Les violations des droits de la personne qui ont cours actuellement à Hong Kong me viennent à l'esprit. Il y a 300 000 Canadiens qui vivent à Hong Kong. Le gouvernement de la Chine essaie de faire adopter des règles d'extradition afin de pouvoir faire venir en Chine toute personne qui vit à Hong Kong. Je suis très inquiète à l'idée que l'adoption de ce projet de loi puisse aussi amener de nombreux étrangers de cette région à profiter du système judiciaire canadien pour intenter des poursuites au civil.
L'enrôlement d'enfants dans les forces armées ou les groupes paramilitaires est un autre élément de la liste. Nous savons que, dans tous les combats que livre le groupe armé État islamique, des enfants soldats sont employés. C'est le cas dans différents conflits en Afrique et ailleurs. Cela ouvrirait également la voie à un grand nombre de personnes qui voudrait obtenir une compensation des tribunaux canadiens au niveau civil.

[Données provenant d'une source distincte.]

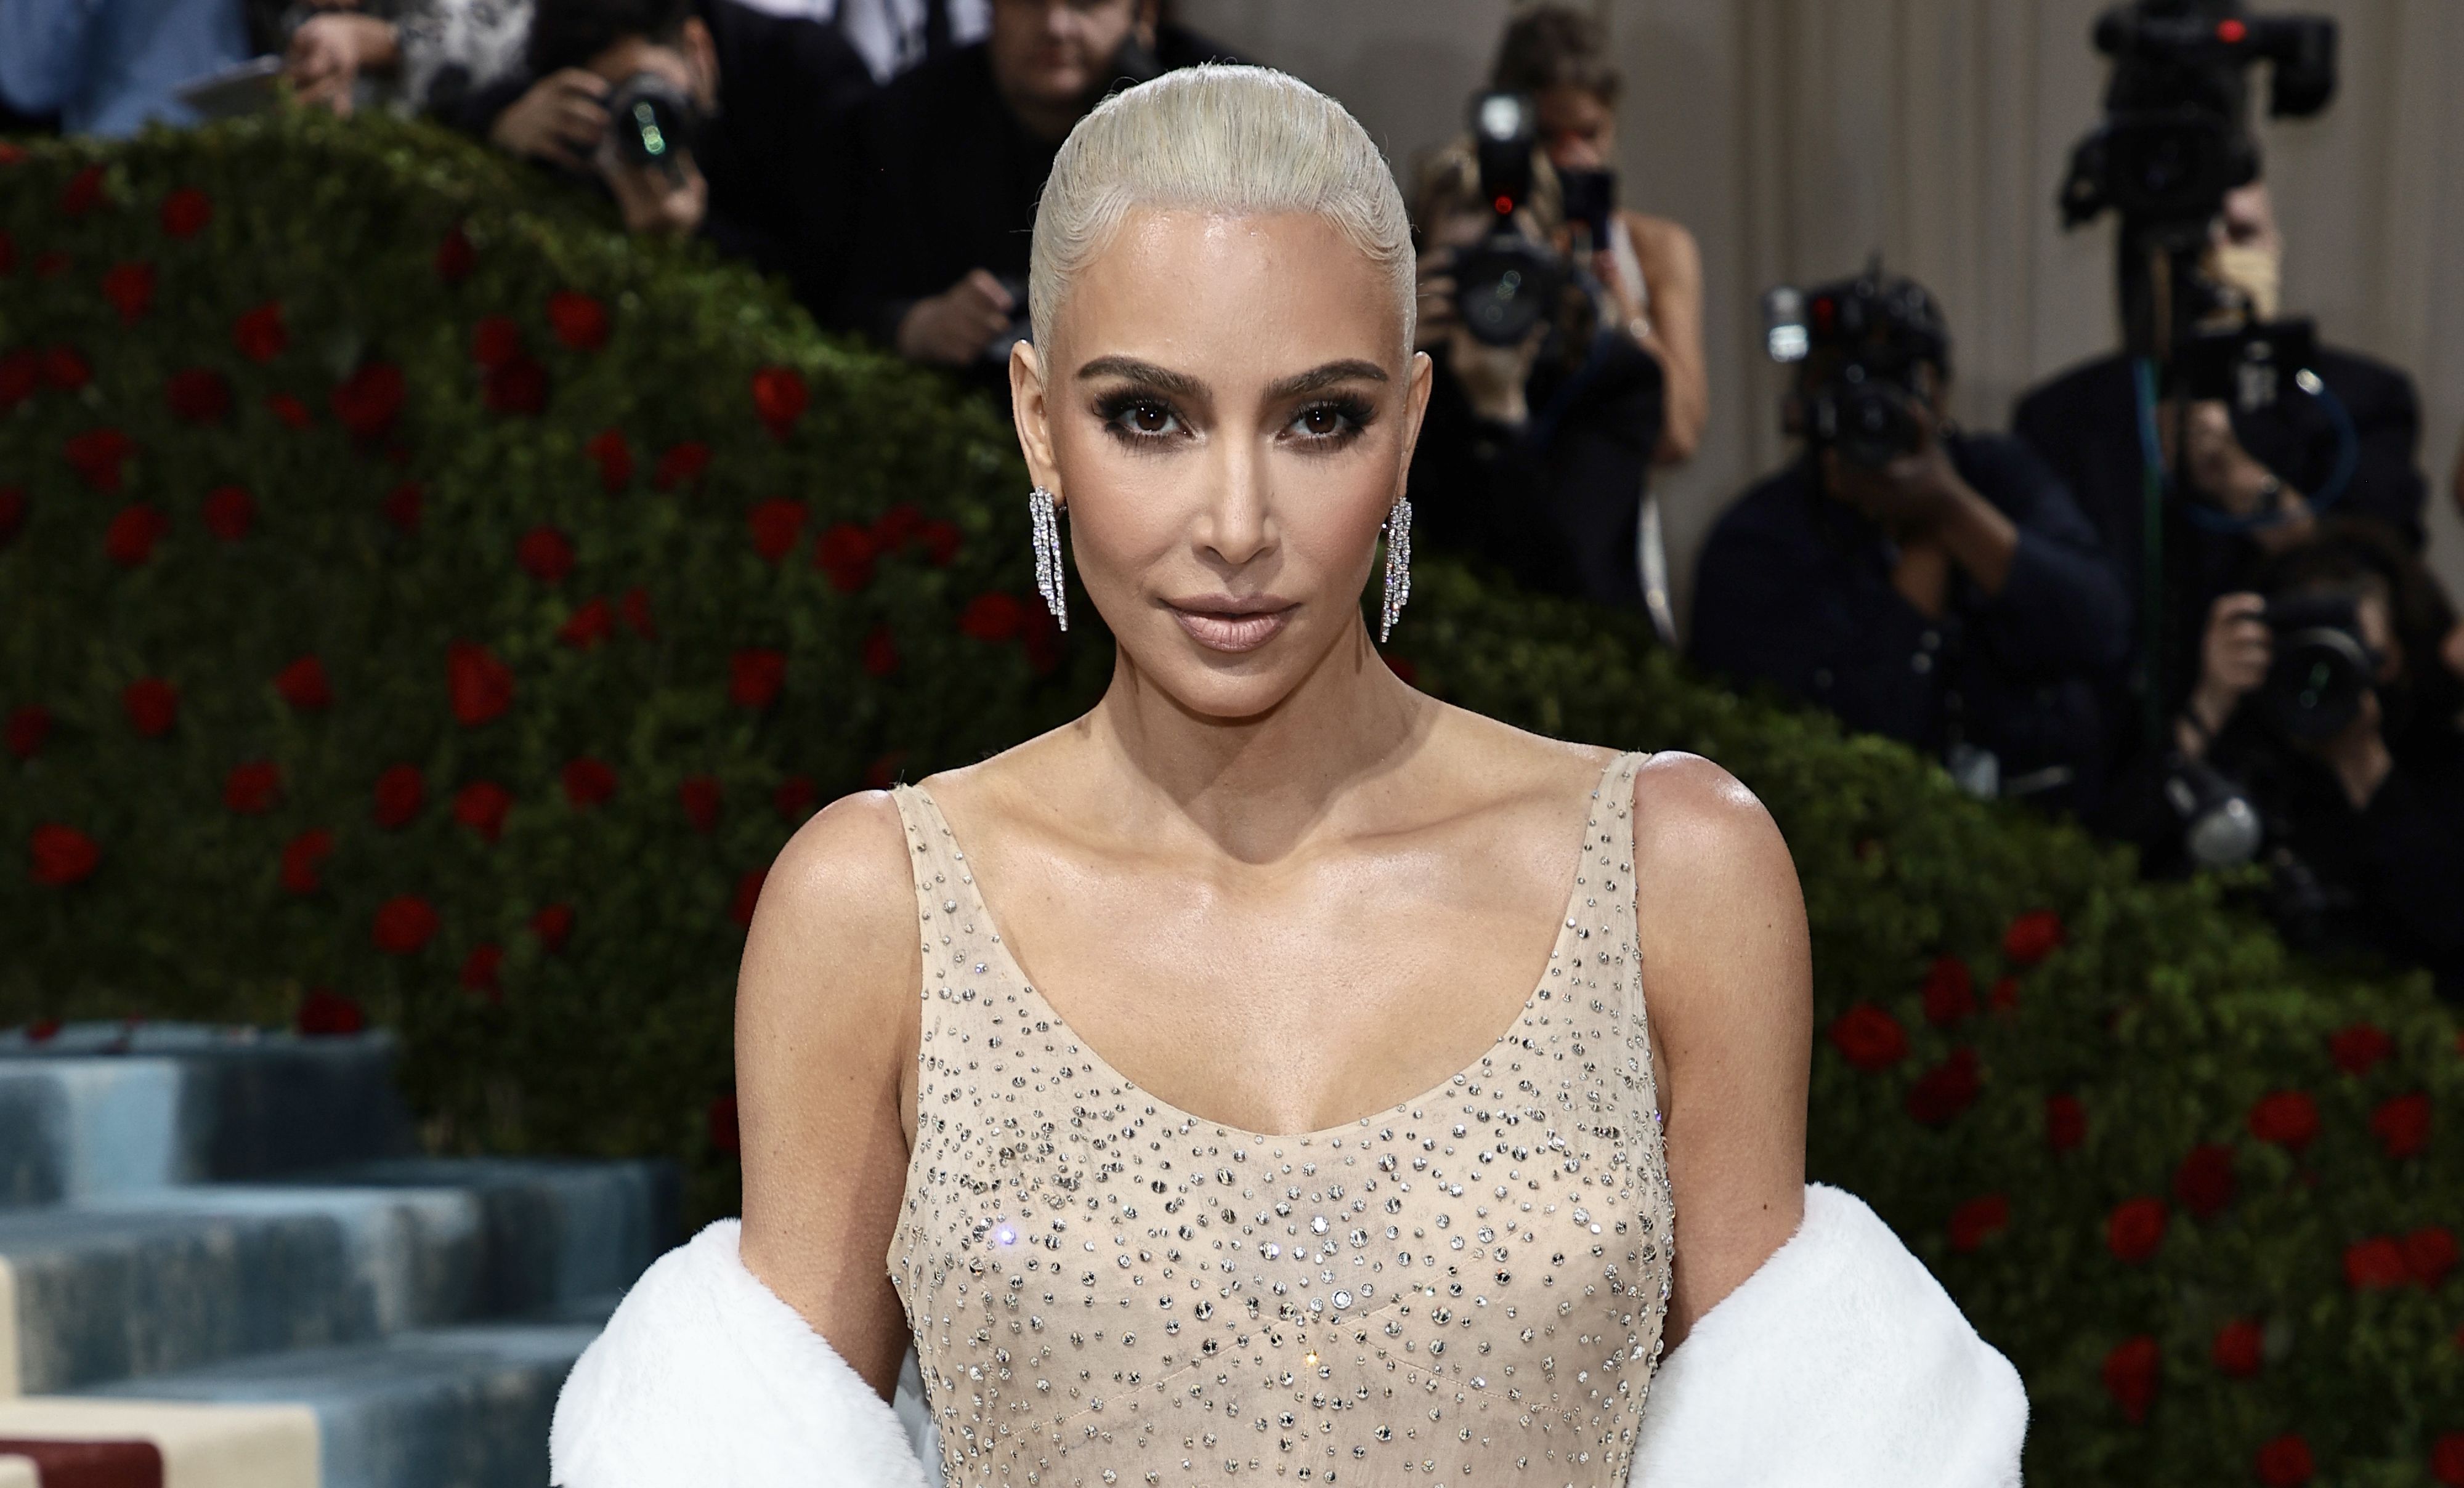 Kim Kardashian 'did not damage' Marilyn Monroe's dress, according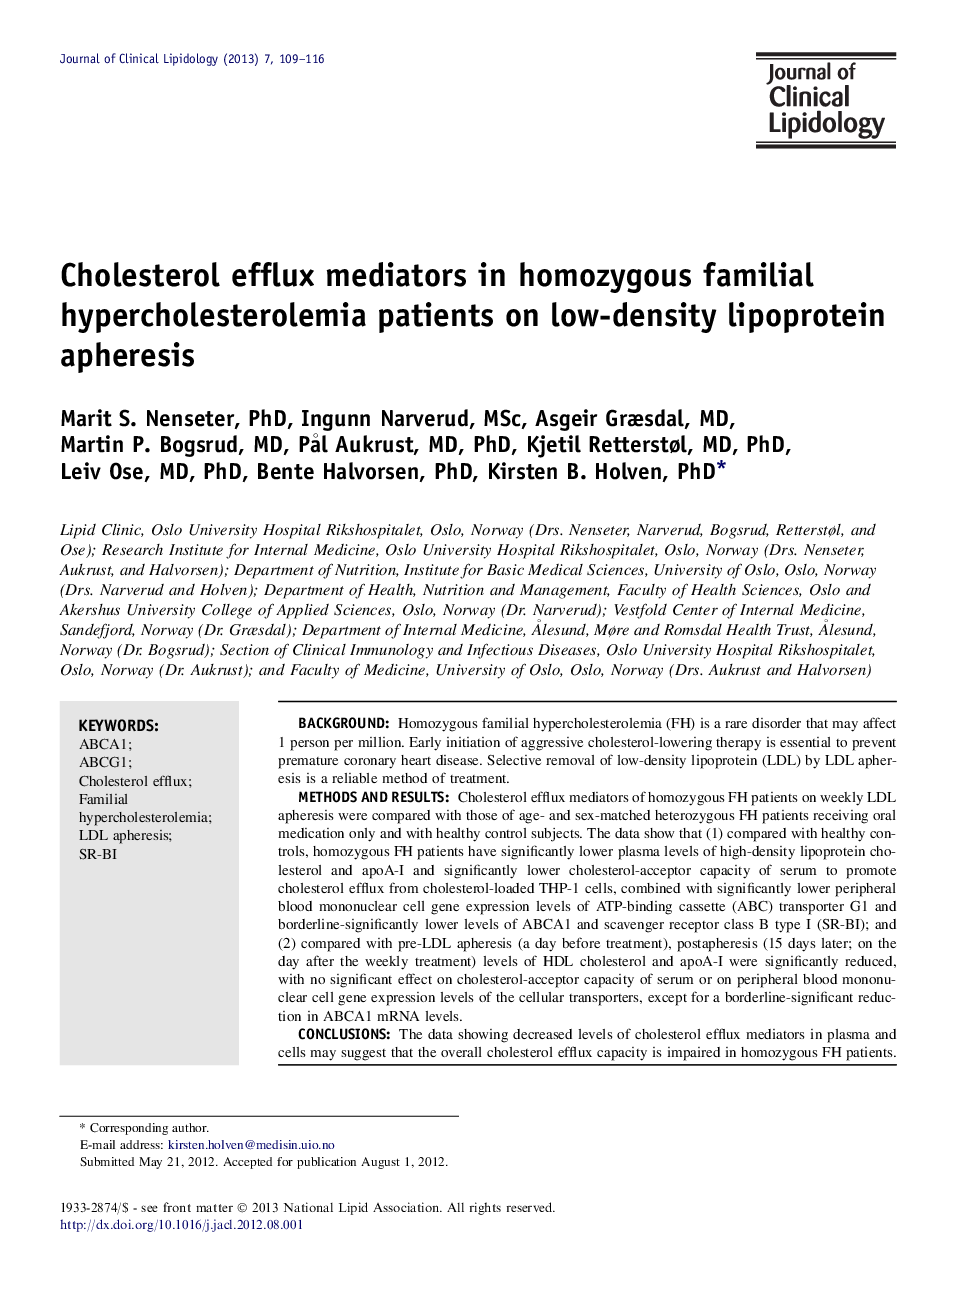 Cholesterol efflux mediators in homozygous familial hypercholesterolemia patients on low-density lipoprotein apheresis

Un autre élément de la liste est le viol. Le viol est un crime répandu au Canada. Les données indiquent qu'une Canadienne sur trois sera victime de violence sexuelle au cours de sa vie. Si on pense au nombre de cas qui surviennent et au nombre que les tribunaux laissent tomber, on comprend qu'il ne serait pas possible d'en traiter davantage.
Il y a également l'avortement forcé et la stérilisation forcée dans la liste. Aujourd'hui, au comité de la santé, nous avons entendu des témoignages au sujet de la stérilisation forcée et des milliers de femmes qui la subissent au Canada. C'est horrible, mais, encore une fois, nous avons déjà beaucoup d'affaires du genre à traiter ici même.
Des enjeux comme la pollution se trouvent aussi sur la liste. Pensons à la pollution par le plastique causée par des personnes qui ne sont pas des Canadiens. Nous savons que 95 % de la pollution dans les océans provient de huit fleuves d'Asie et de deux fleuves d'Afrique. Encore là, il pourrait y avoir une montagne de plaintes à traiter.
Un autre élément de la liste est l'urgence environnementale. Ce pourrait être quelque chose comme l'urgence climatique dont les libéraux voulaient que nous débattions. Il n'en a plus jamais été question, alors ce devait être une urgence pas très urgente. Les urgences climatiques ou environnementales pourraient aussi être invoquées.
Je sais que les intentions du député étaient bonnes lorsqu'il a présenté le projet de loi et qu'il voulait cibler les problèmes liés aux entreprises canadiennes, par exemple, mais la portée du projet de loi doit être beaucoup plus restreinte et je ne crois pas que le système judiciaire fédéral ait la capacité requise. J'invite le gouvernement actuel ou, à partir du 21 octobre, le gouvernement conservateur, à rétablir les capacités du système judiciaire fédéral.